Higher Derivatives: What is the Pattern for Finding the nth Derivative of x^n?

[Jeff Ford]

I'm a little stuck on this one

Find f^{(n)}(x) = x^n

I know f'(x) = n(x^{n-1})
and f''(x) = n(n-1)(x^{n-2}) and so on

But I can't seem to see the pattern that leads to the answer n!

 

[VietDao29]

I'm a little stuck on this one

Find f^{(n)}(x) = x^n

I know f'(x) = n(x^{n-1})
and f''(x) = n(n-1)(x^{n-2}) and so on

But I can't seem to see the pattern that leads to the answer n!

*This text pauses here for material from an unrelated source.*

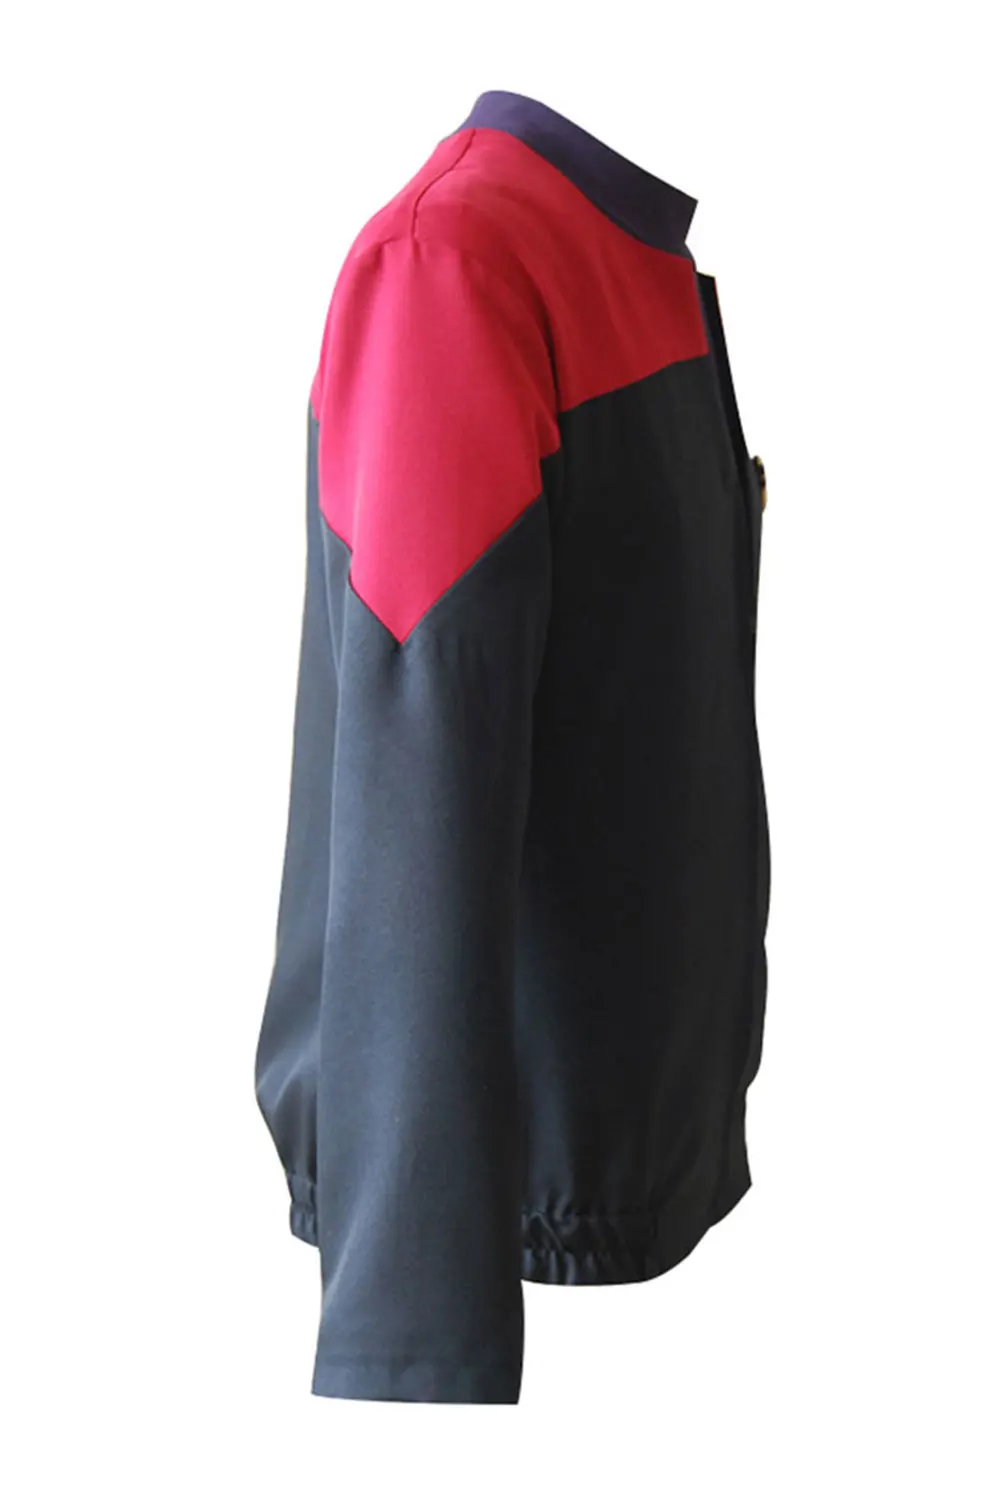 Звездный Косплей Trek Voyager команда косплей костюм Красная куртка рубашка значок костюм для Хэллоуина карнавальный костюм

Then just carry on differentiating some more times:
f(x) := xⁿ
f'(x) = nx^{n - 1}.
f''(x) = (f'(x))' = (nx^{n - 1})' = n(n - 1)x^{n - 2}.
f'''(x) = (f''(x))' = (n(n - 1)x^{n - 2})' = n(n - 1)(n - 2)x^{n - 3}.
f''''(x) = n(n - 1)(n - 2)(n - 3)x^{n - 4}.
f^(v)(x) = n(n - 1)(n - 2)(n - 3)(n - 4)x^{n - 5}.
...
Now if k < n, what can you say about f^(k)(x)?
If k = n then f^(k)(x) = ? (i.e, what's f⁽ⁿ⁾(x))
--------------
Another hint:
Consider g(x) := x², so g''(x) = 2.
h(x) := x³, so h'''(x) = 6.
Can you go from here? :)

 

[arildno]

Well, you could prove by induction that we have:
f^{(l)}(x)=\frac{n!}{(n-l)!}x^{n-l}, l\leq{n}

 

[Jeff Ford]

I think I've got it. If I expanded it out far enough

f^{(n)} (x) = n(n-1)(n-2)...(n-(n-1)) x^{n-n}

Since n-(n-1) = 1 the coefficient becomes 1(2)(3)...(n-1)(n) = n! and x^{n-n} = x^0 = 1

So the whole things boils down to f^{(n)} (x) = n!(1) = n!